Case Study VII. School-Net Uganda - Inspiring Science for Girls Using ICTs in Uganda

In Uganda, as in many other countries, girls’ participation in science courses – both in terms of the numbers taking classes and the contributions of girls to discussions - is much lower than that of boys. Desktop research showed that among the factors contributing to this were discouraging remarks by teachers, lack of women scientists as role models, and an overly theoretical approach that left many girls unable to relate science to their daily lives.

In response to this research, in 2006 SchoolNet Uganda, with support from Digital Links (UK), Barclays Bank (Uganda), and the Ugandan Education Ministry, put together a project called Inspiring Science Education for Girls Using Information Communication Technology. The objective was to encourage more girls to take science subjects, improving their self-esteem and confidence and boosting their overall performance in science subjects.

The main elements of the project are:

  • Affordable computers, which are made available to schools. Teachers were trained in how to use ICTs to enhance their teaching techniques, and they were sensitized on gender issues.
  • An online repository of learning resources was created, and teachers became part of an online network, called the Uganda Digital Education Resource Bank (, where they could exchange experiences and ideas.
  • Science fairs and ICT camps were made available to girls so they could use the Internet for research, attend hands-on classes in using ICTs for science, and learn from positive role models.

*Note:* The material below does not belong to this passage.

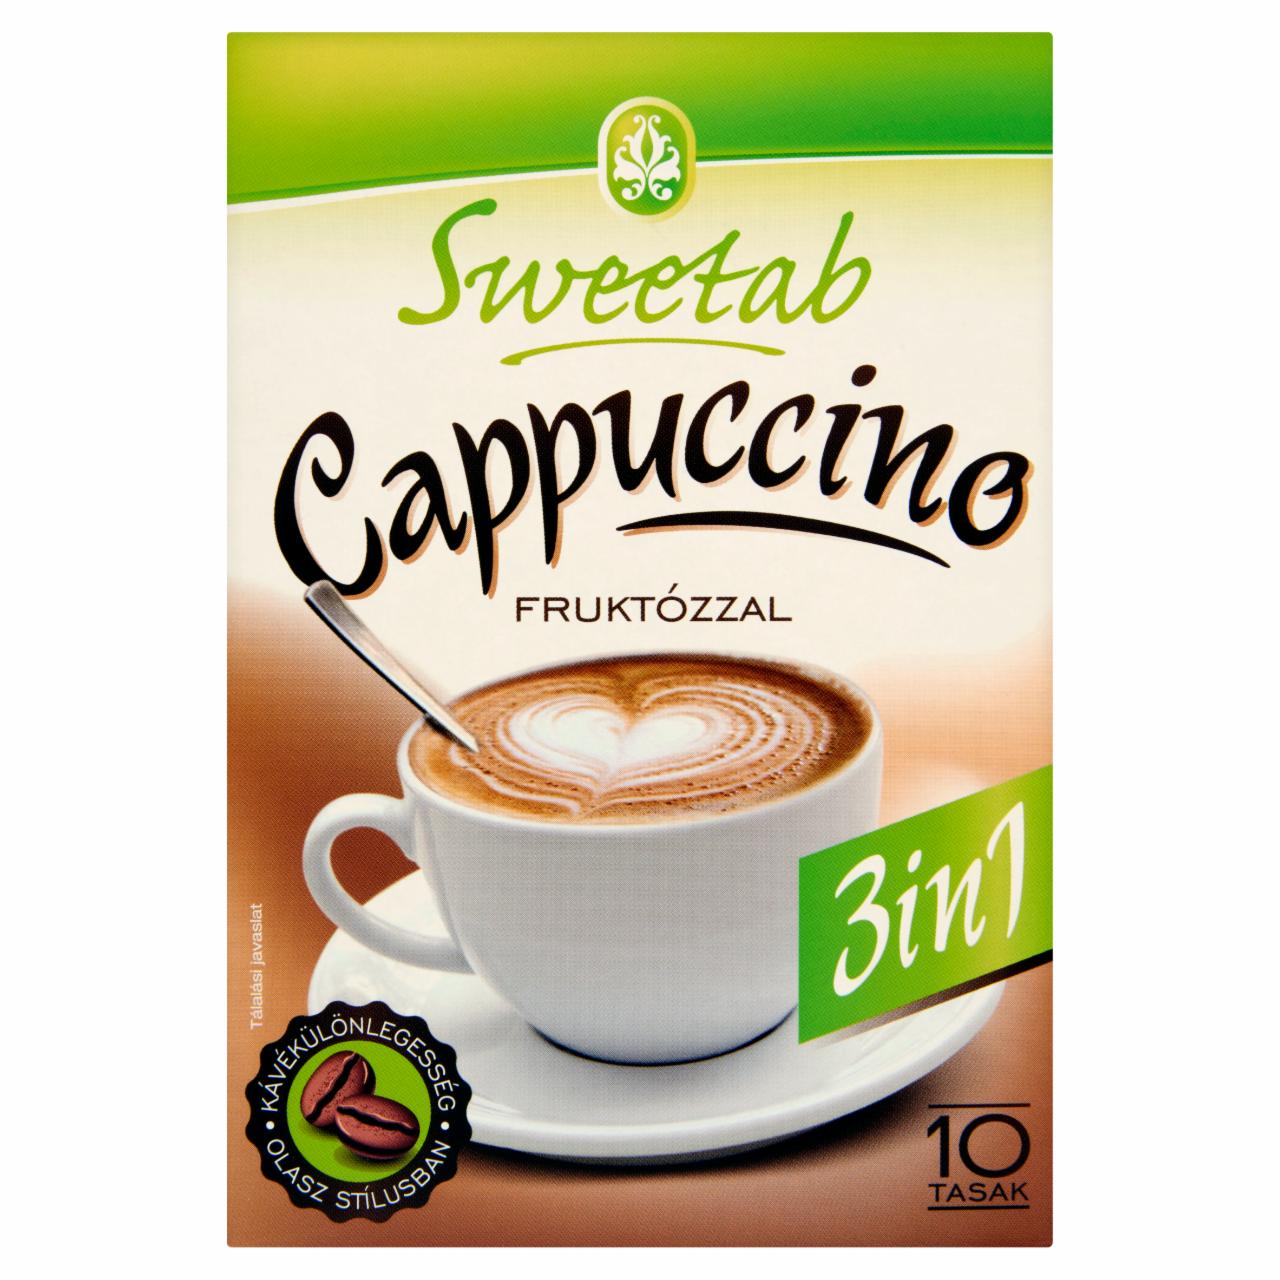 Képek - Sweetab Cappuccino 3 in 1 azonnal oldódó kávéspecialitás fruktózzal 10 db 100 g

These experiences enhanced the girls' self-esteem and confidence, empowering them to become change agents themselves.

As of 2009:

  • 15 schools have taken part in the project, reaching more than 15,000 girls.
  • 10 further schools have requested to join the project.
  • Five school-based sensitization teachers’ workshops, and one centralized sensitization workshop for school principals, have been conducted;
  • 100 science teachers have been trained in learner-centered teaching techniques that integrate ICTs into science teaching;
  • 1200 professionally refurbished computers have been sold to schools and individual teachers at affordable prices.